Exercise aim >> The full listing should be written out verbatim, and its images should be dropped.

Dataset excerpt >>
--- START ---

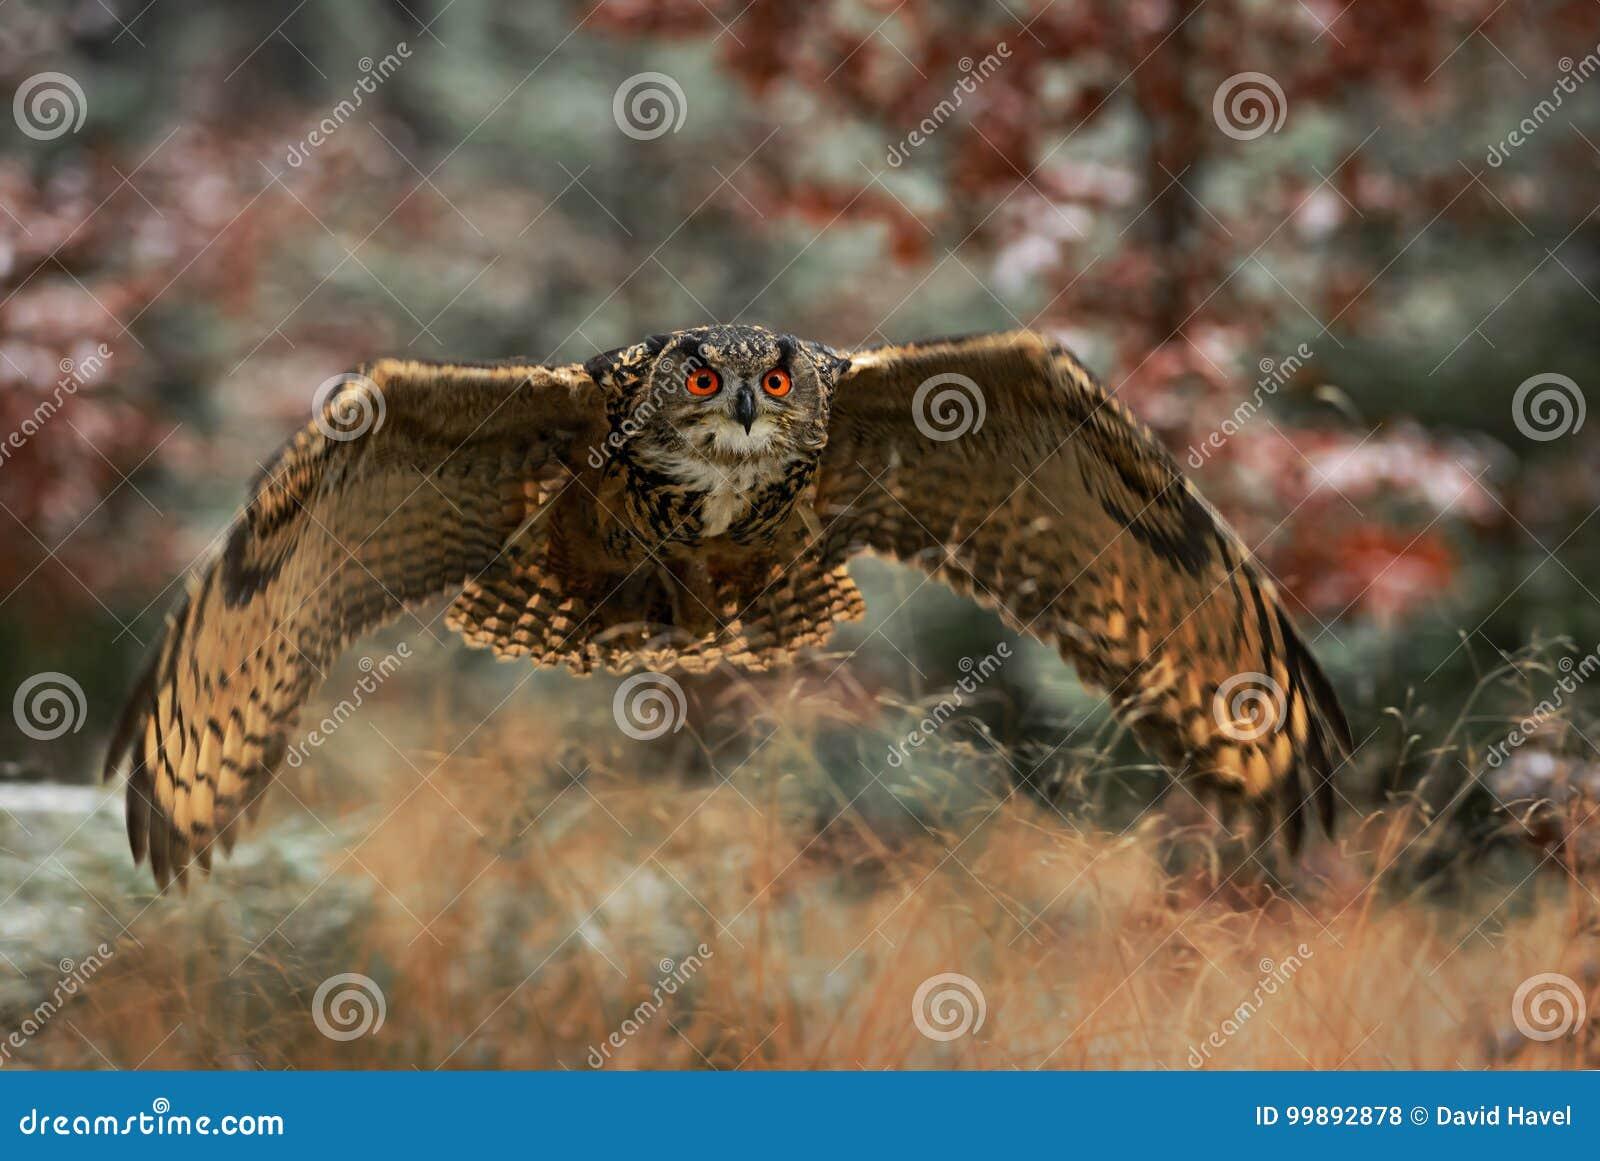 Eagle-hibou eurasien - bub de Bubo
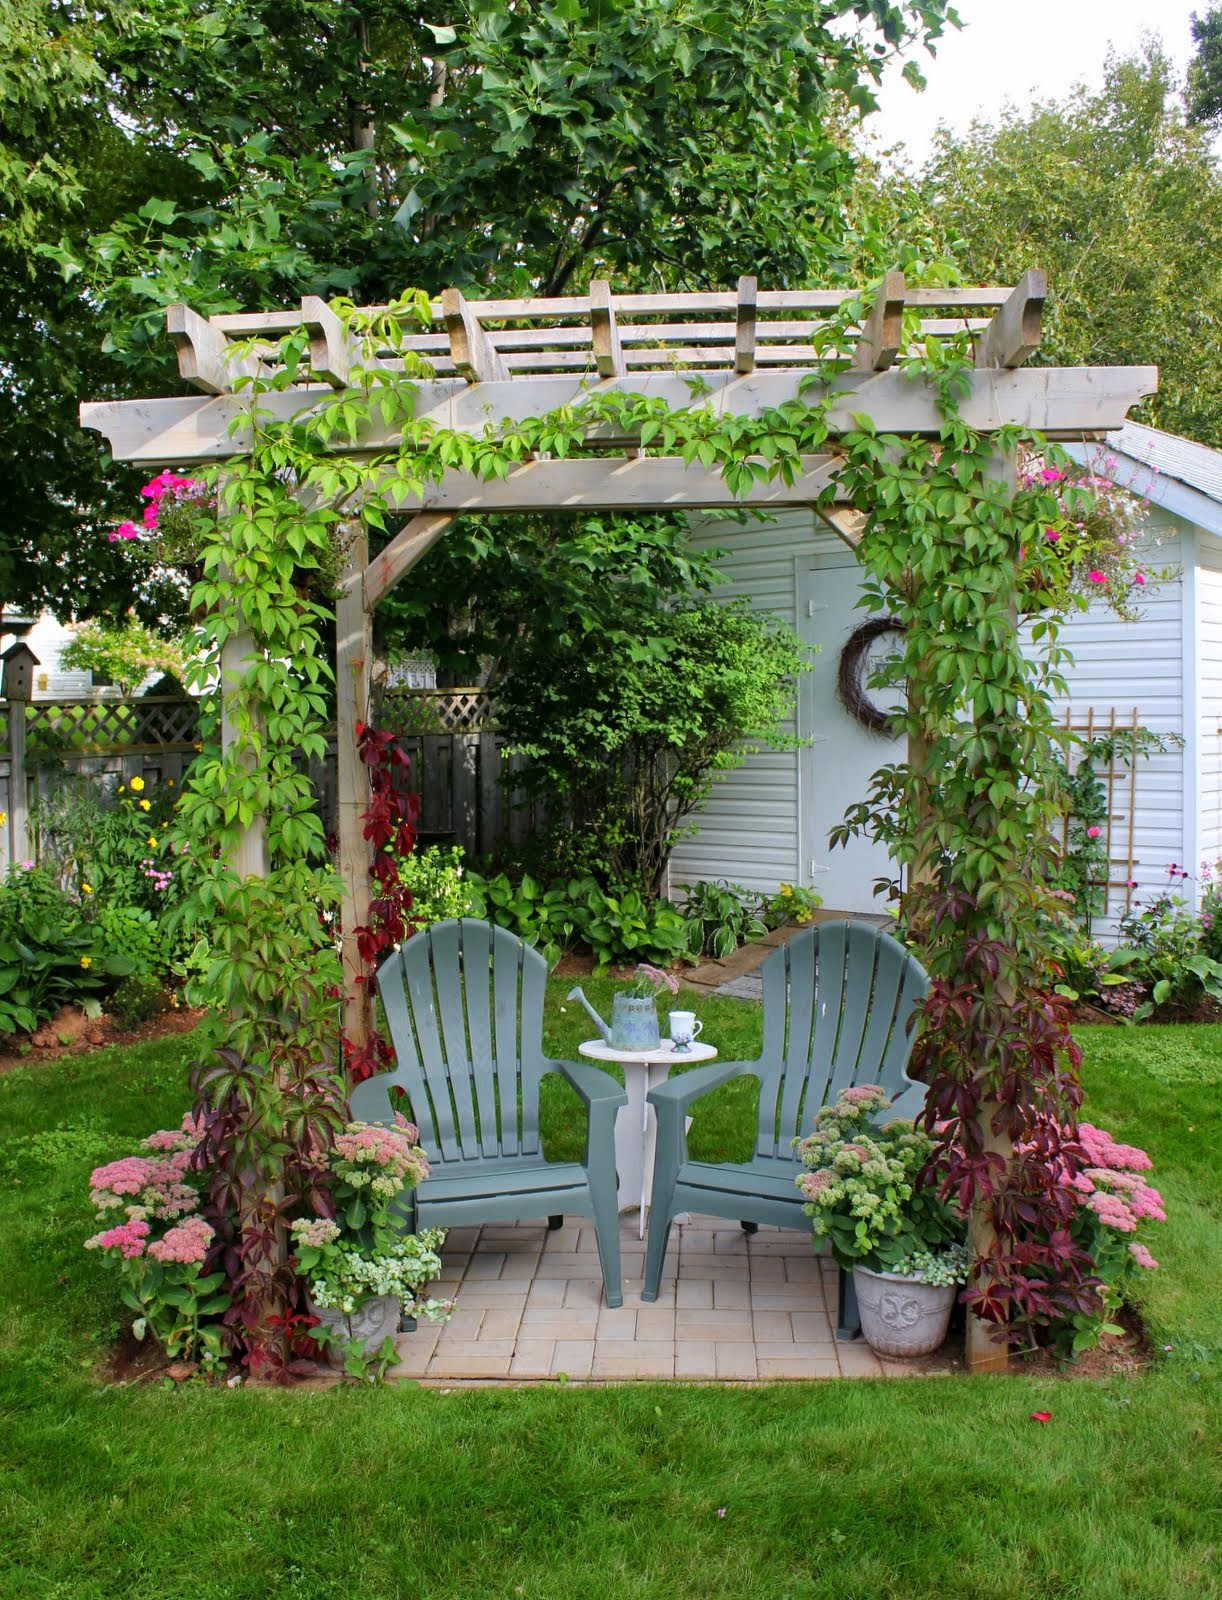 Aiken house gardens beautiful island home for Beautiful house with garden
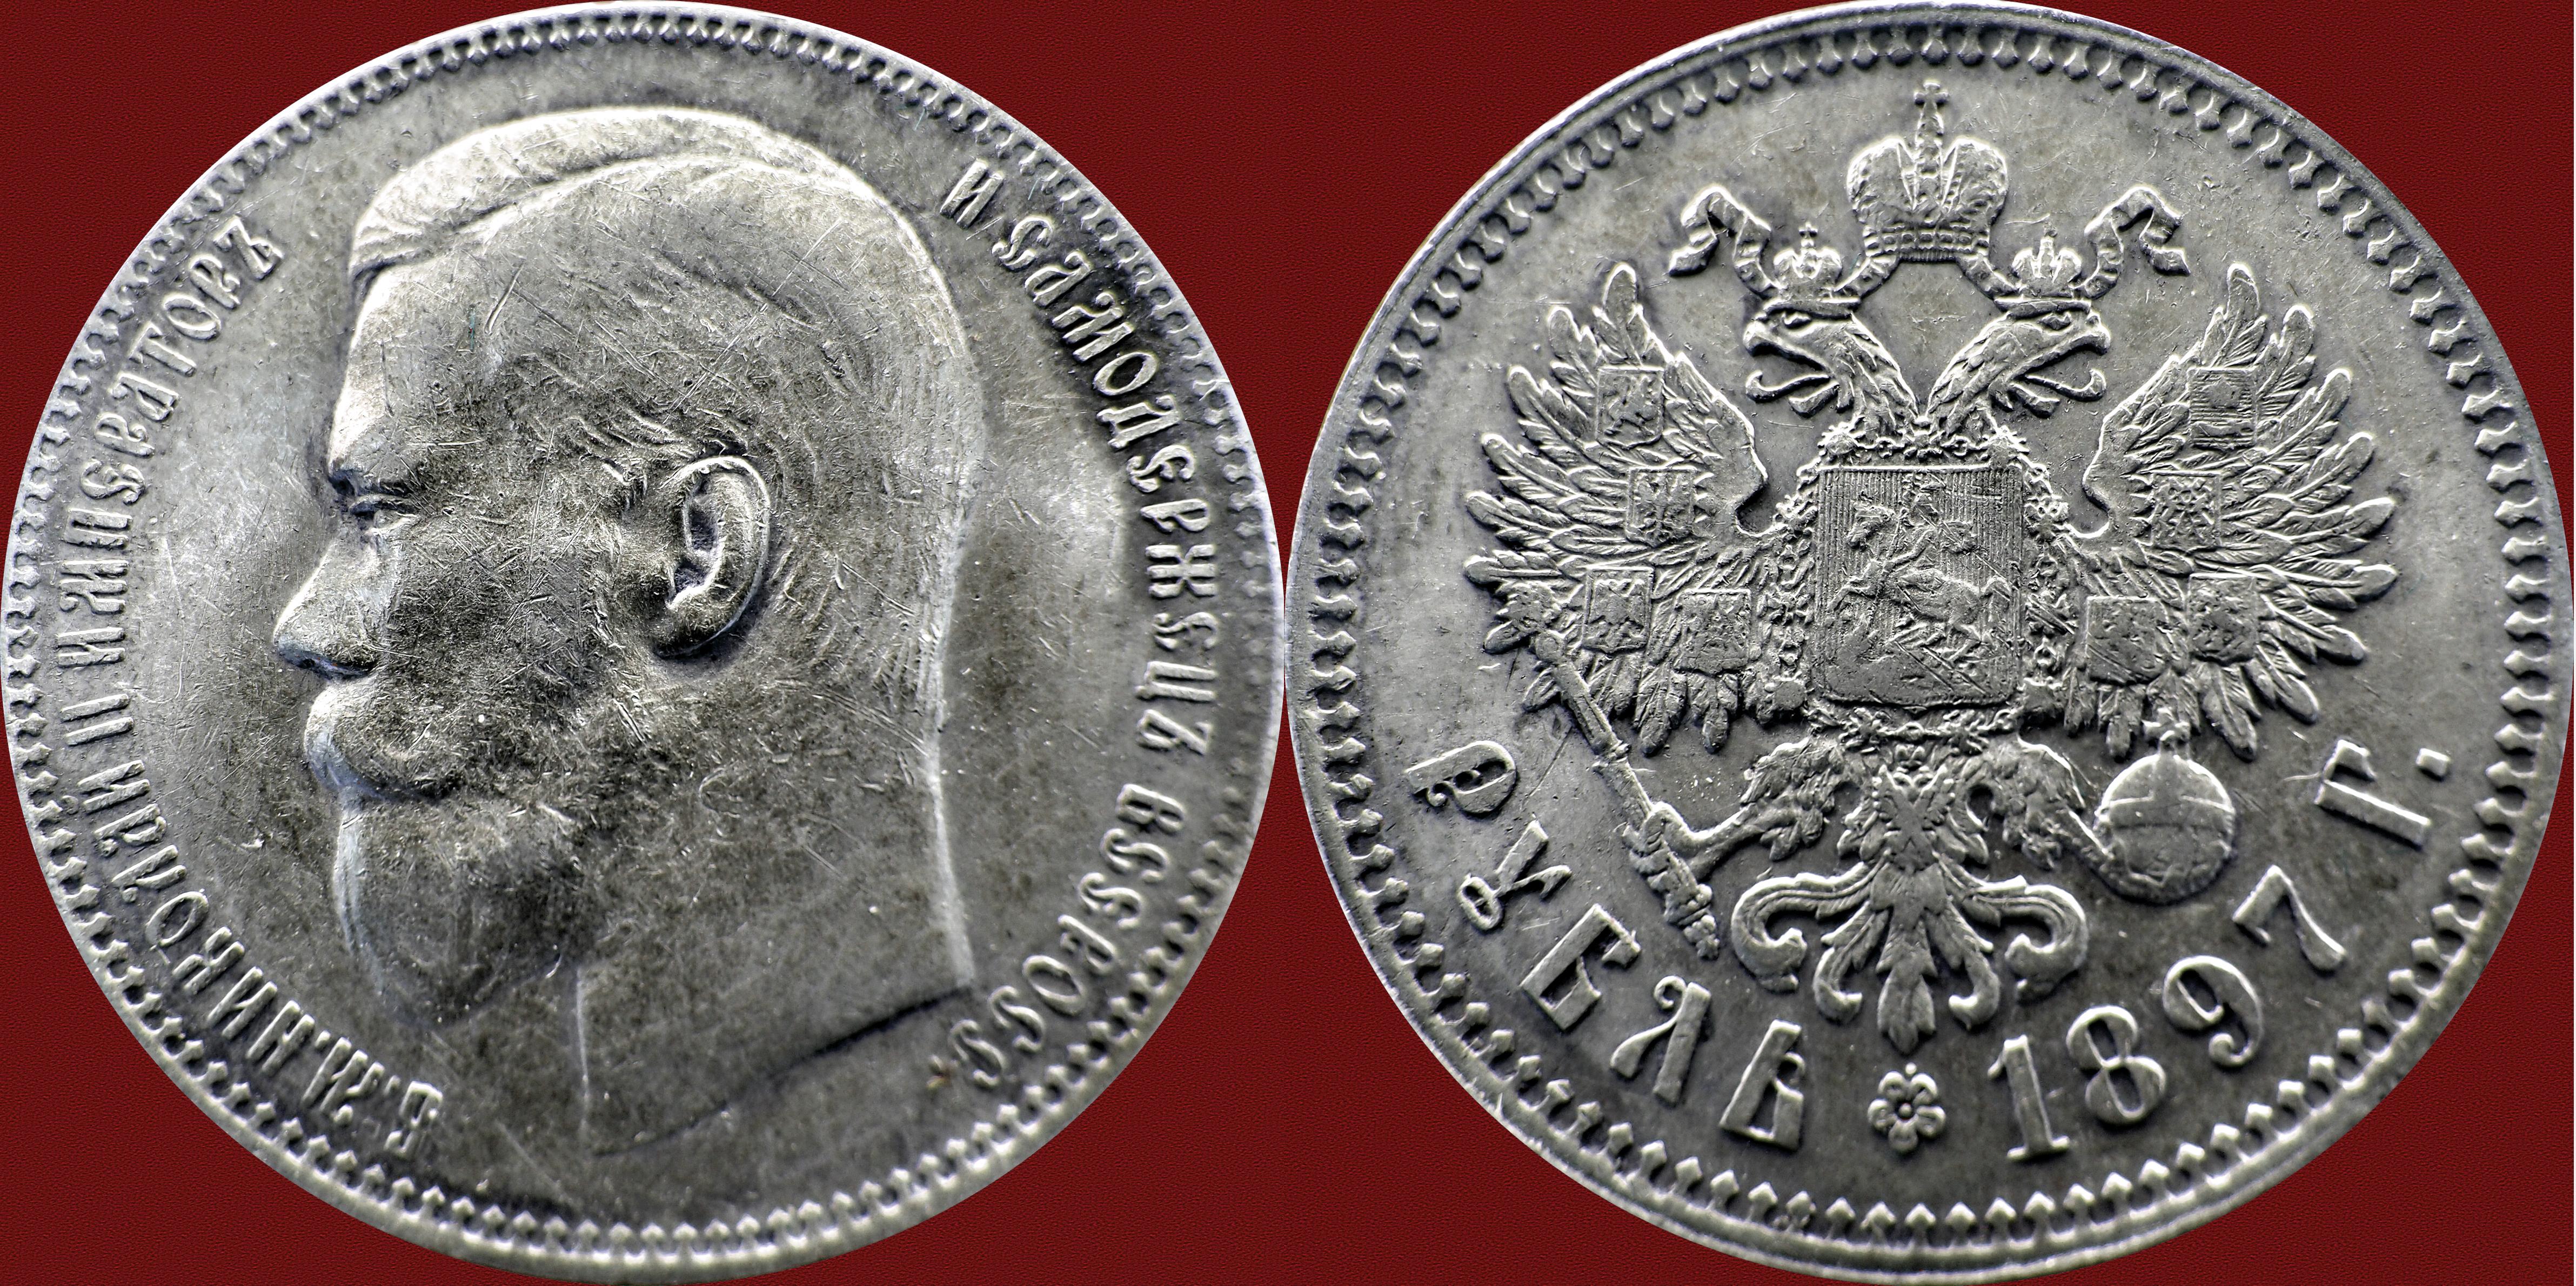 Rusia. 1 Rublo 1897. Nicolas II 12617769583_6ecac96804_o

--- END ---

Result >>
 Eagle-hibou eurasien - bub de Bubo
 Aiken house gardens beautiful island home for Beautiful house with garden
 Rusia. 1 Rublo 1897. Nicolas II 12617769583_6ecac96804_o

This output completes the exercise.